== About this exercise ==
Your copy should match the listing word for word, apart from the pictures, which are left out.

== Stored data ==
###

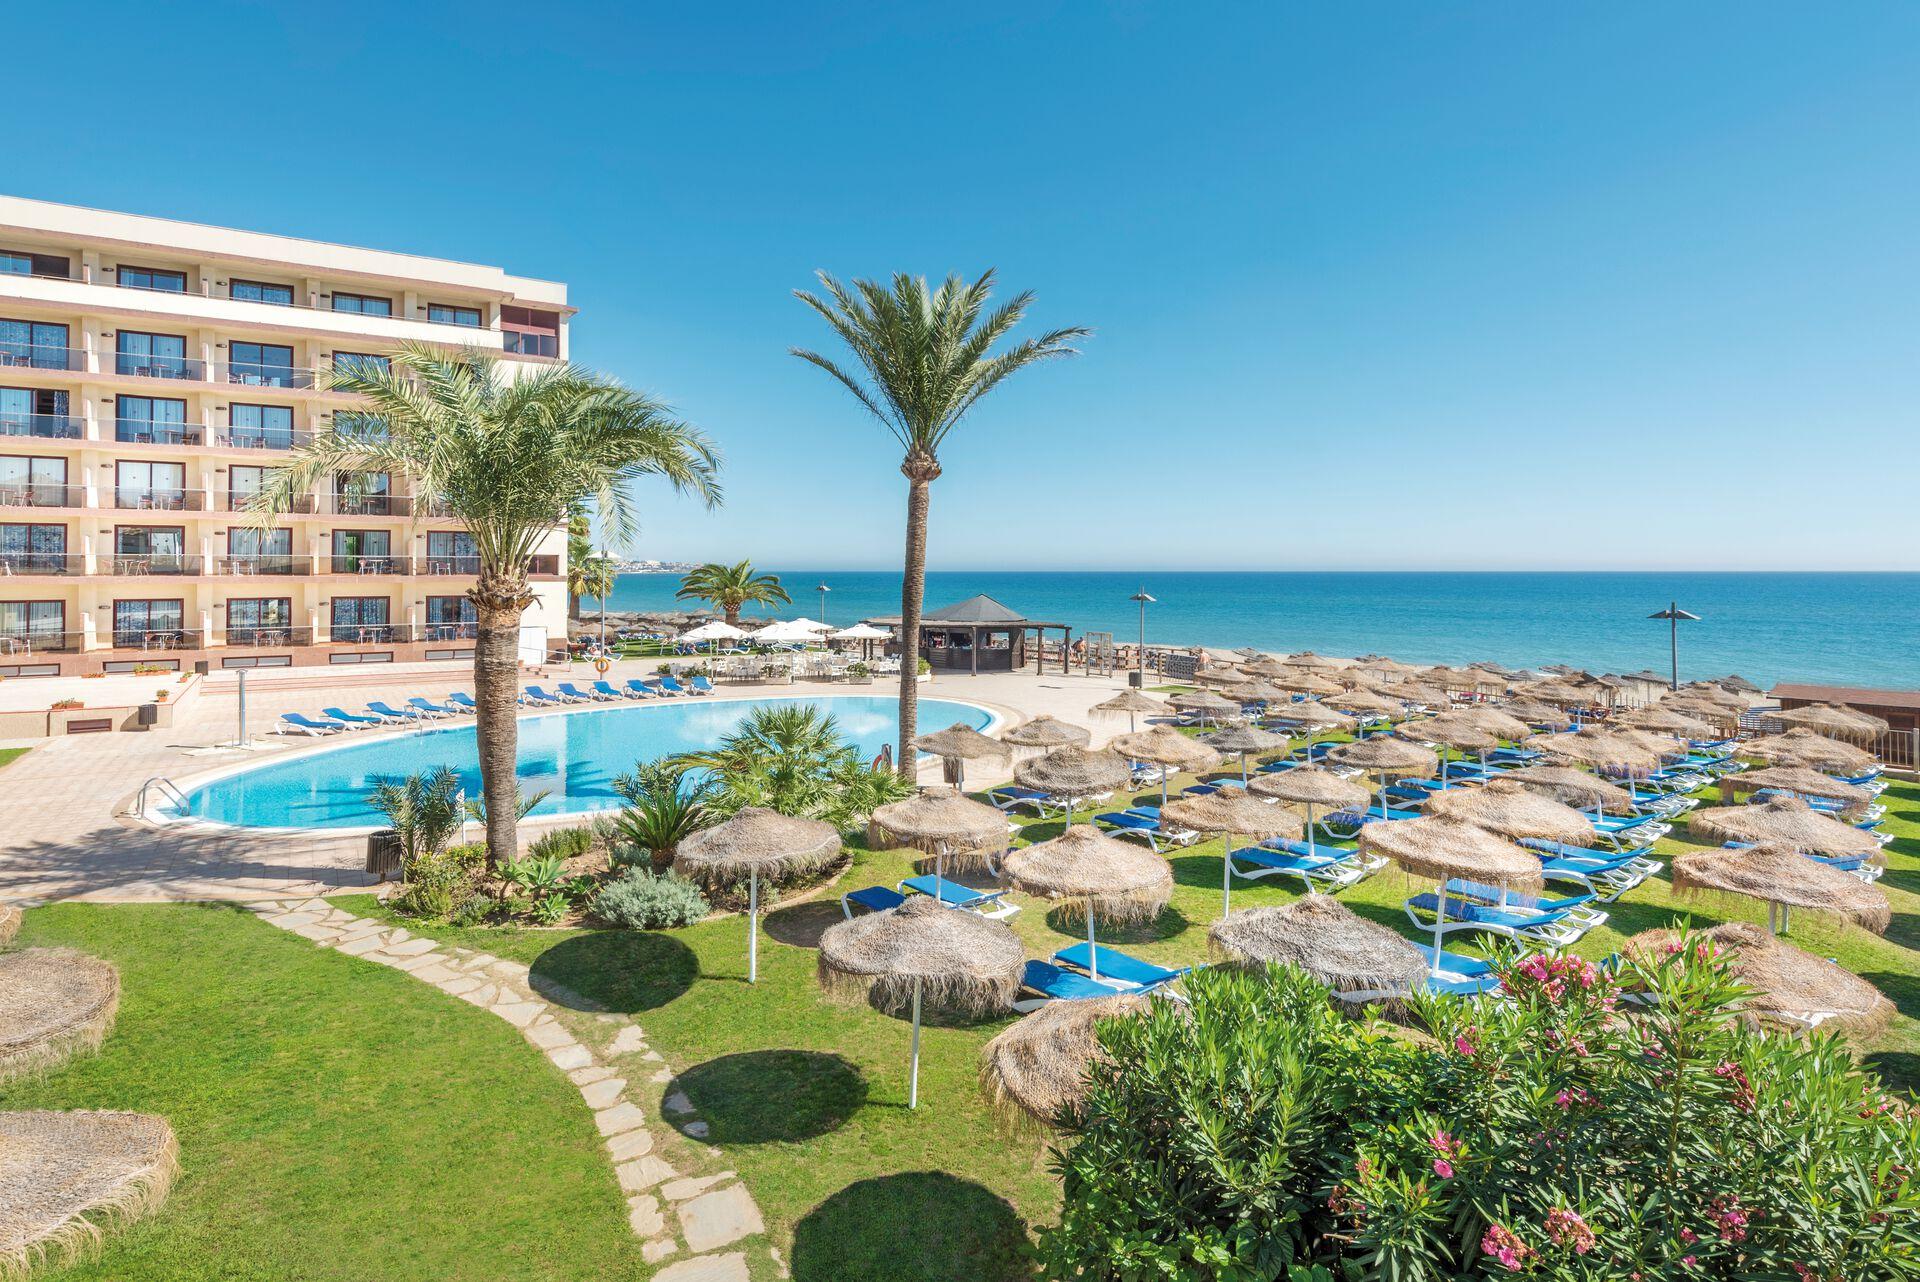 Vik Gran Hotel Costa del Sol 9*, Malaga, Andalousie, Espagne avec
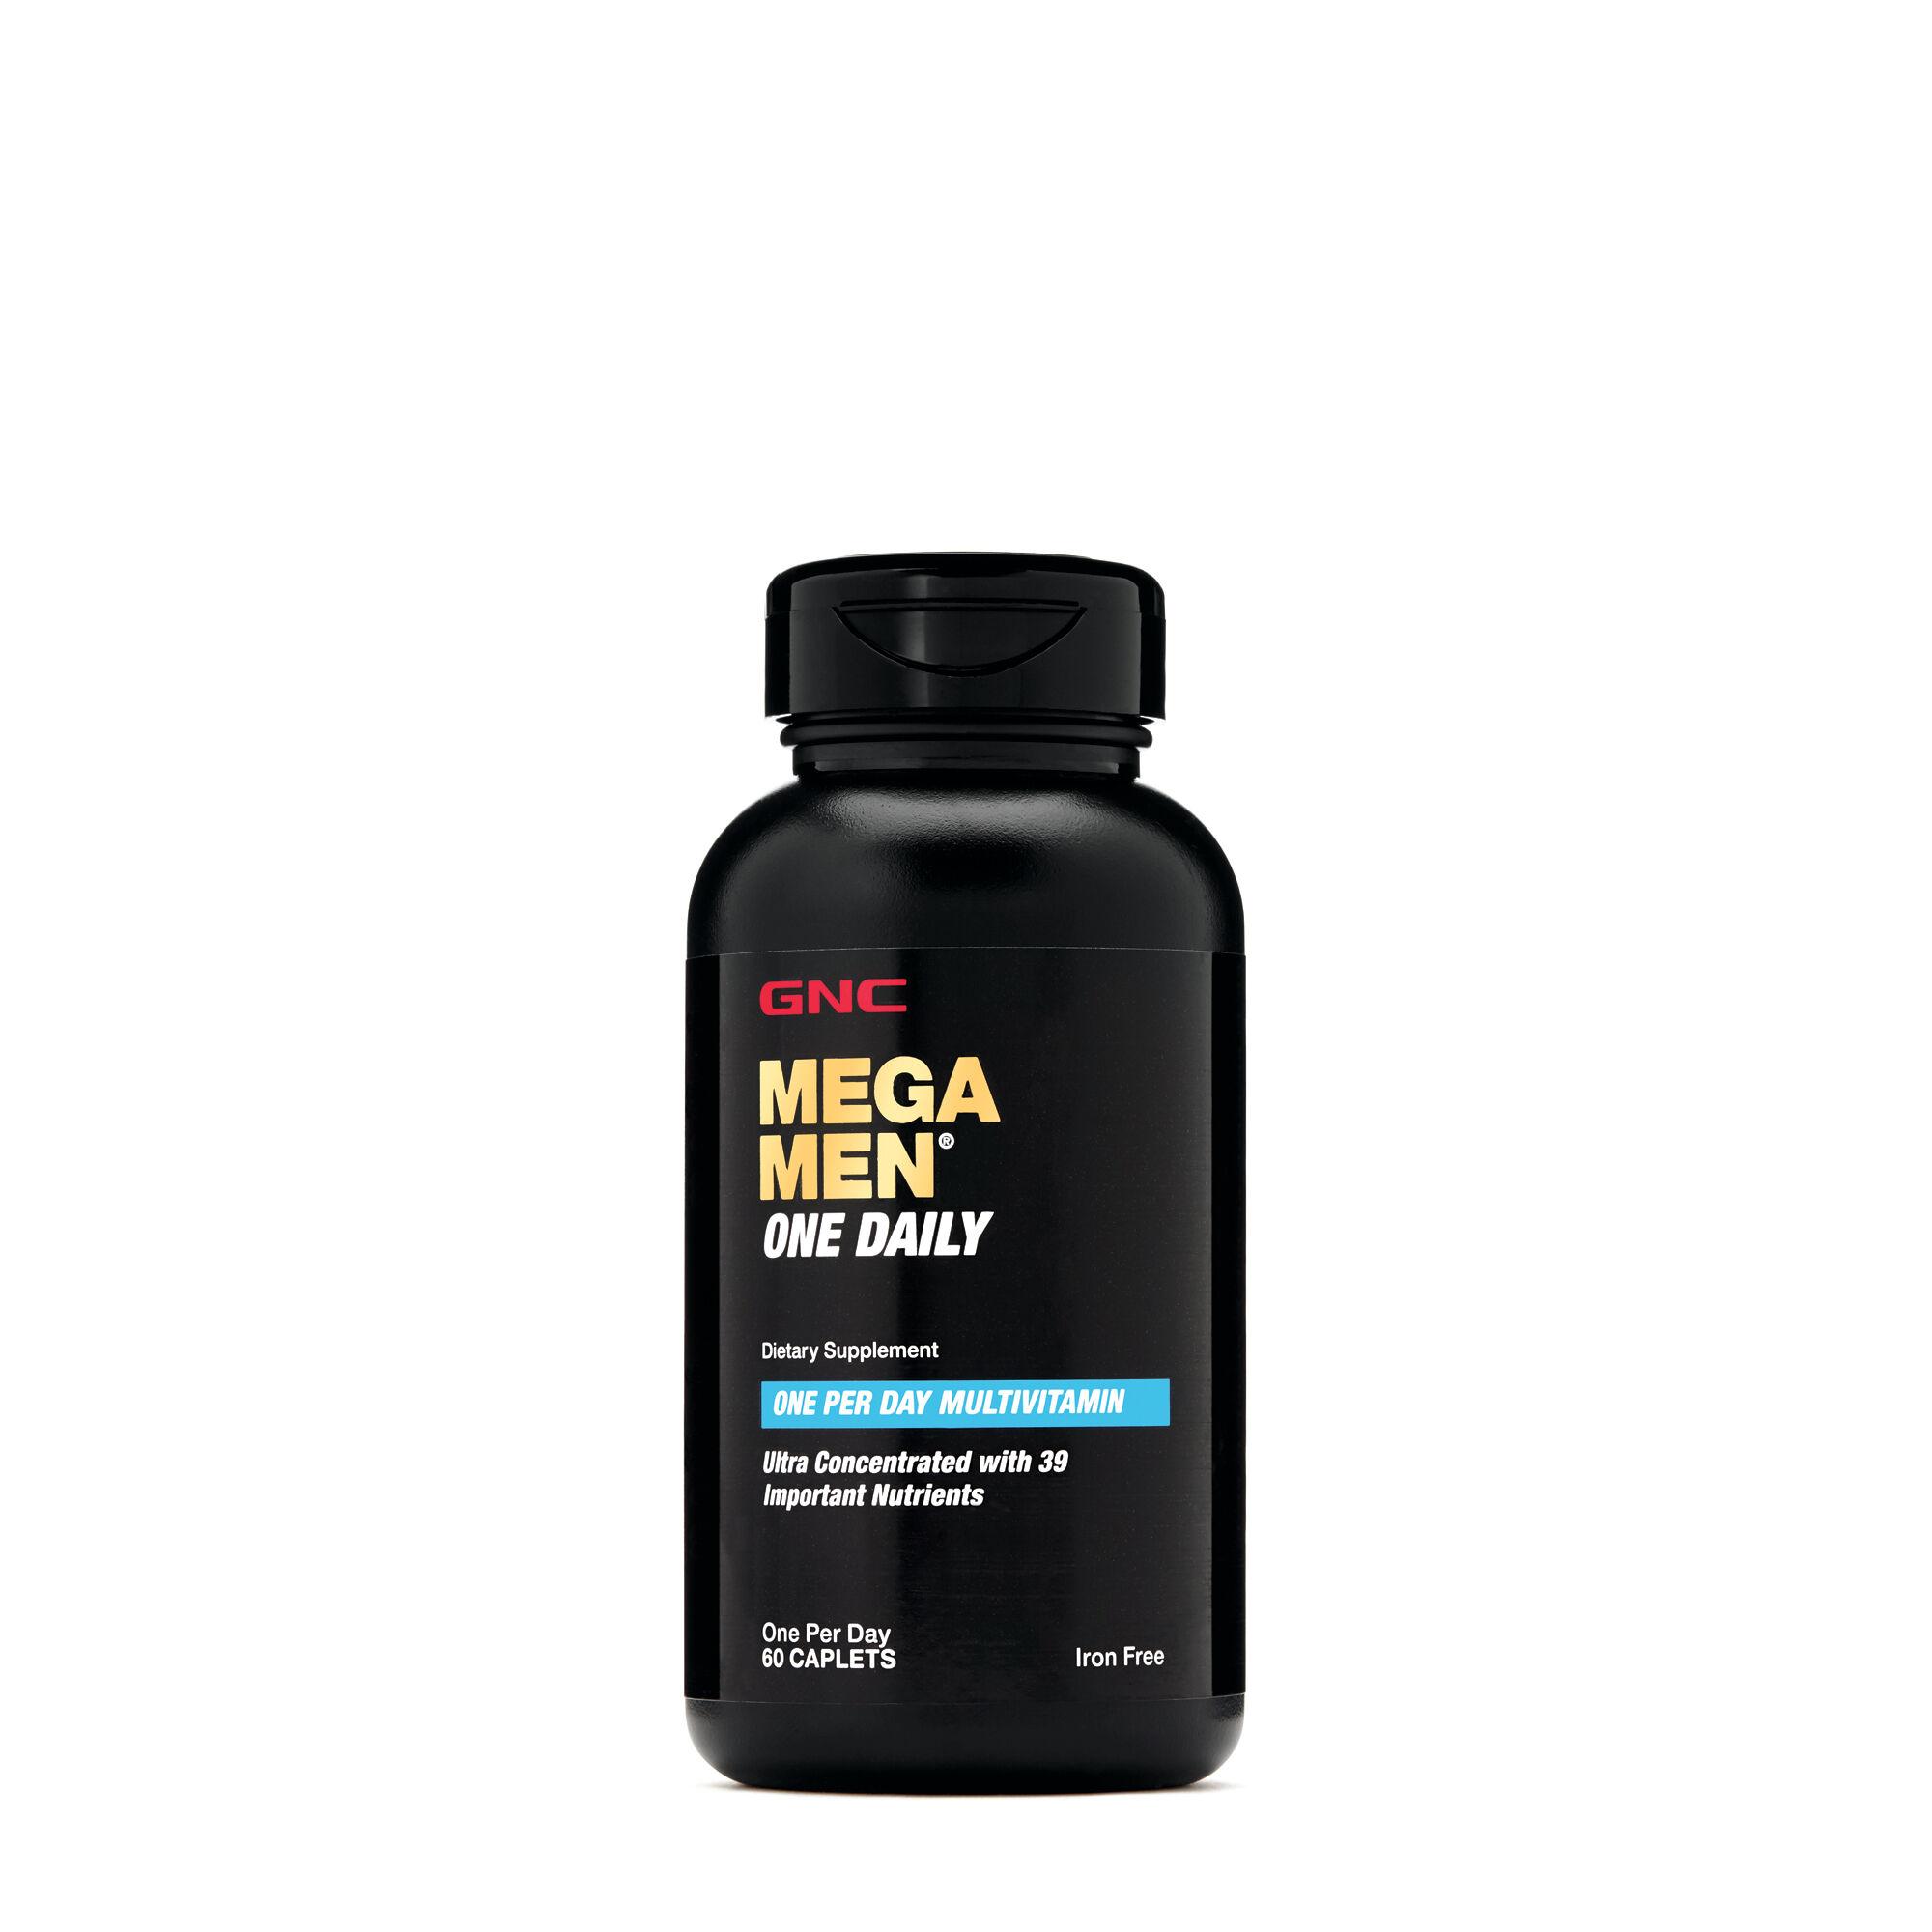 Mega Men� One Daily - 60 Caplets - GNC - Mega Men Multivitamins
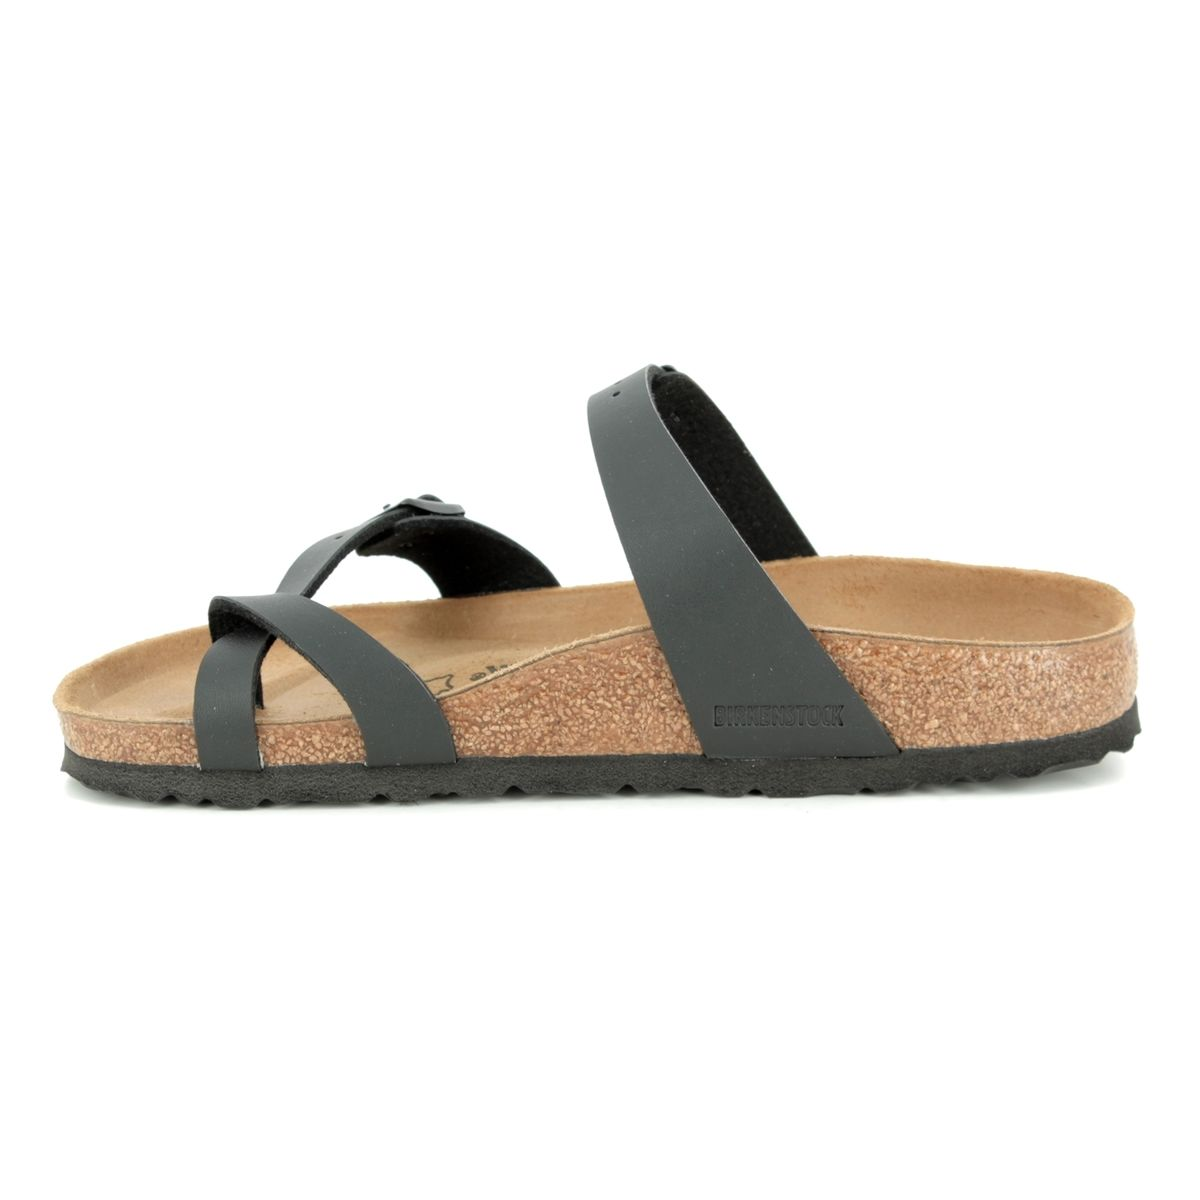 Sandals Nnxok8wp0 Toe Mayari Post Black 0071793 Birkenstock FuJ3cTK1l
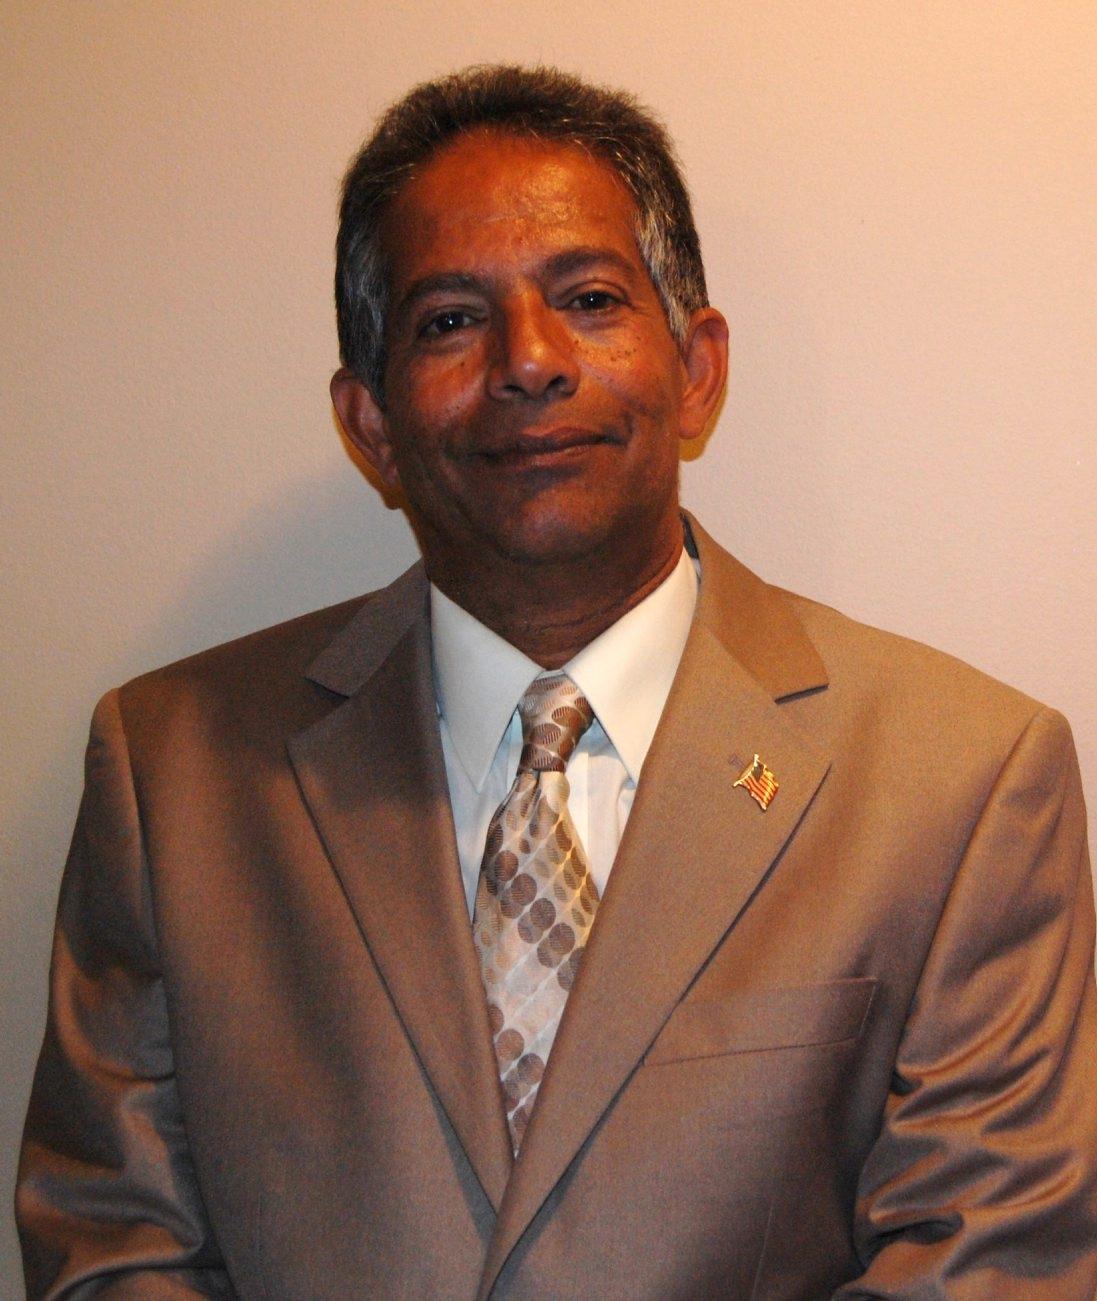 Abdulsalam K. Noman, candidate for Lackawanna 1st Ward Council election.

###

== Answer box ==
 Vik Gran Hotel Costa del Sol 9*, Malaga, Andalousie, Espagne avec
 Mega Men� One Daily - 60 Caplets - GNC - Mega Men Multivitamins
 Sandals Nnxok8wp0 Toe Mayari Post Black 0071793 Birkenstock FuJ3cTK1l
 Abdulsalam K. Noman, candidate for Lackawanna 1st Ward Council election.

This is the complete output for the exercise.